- What to do: Copy exactly, please, the line that has "Inyo National Forest" in it along with every line after it to the end of the listing.

- Provided material:
******

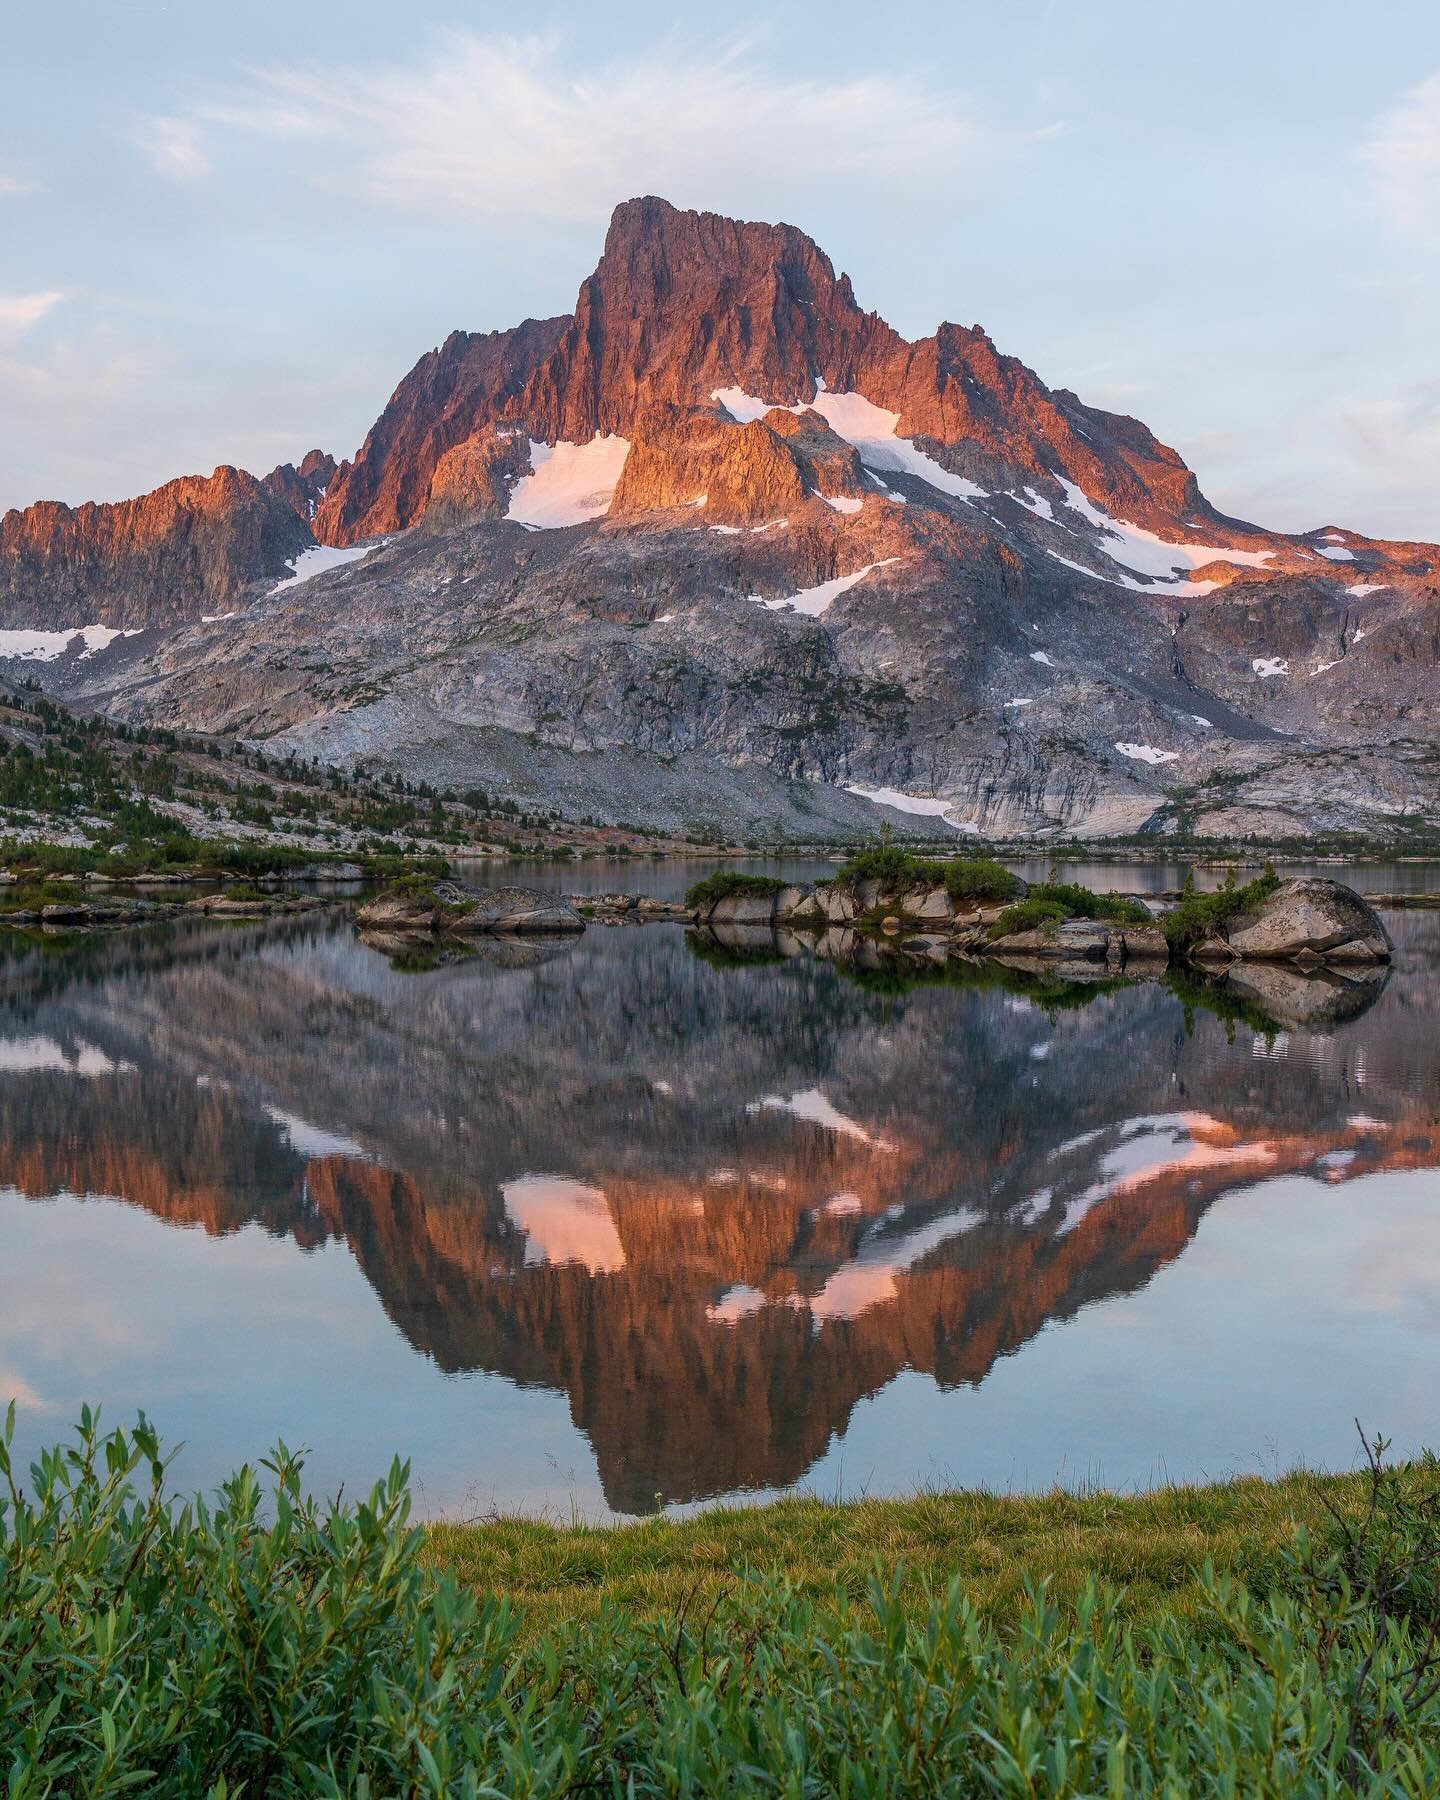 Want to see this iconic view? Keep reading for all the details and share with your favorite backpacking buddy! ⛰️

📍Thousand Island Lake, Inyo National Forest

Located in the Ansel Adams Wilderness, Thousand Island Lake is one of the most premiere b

******

- Exercise result:
📍Thousand Island Lake, Inyo National Forest

Located in the Ansel Adams Wilderness, Thousand Island Lake is one of the most premiere b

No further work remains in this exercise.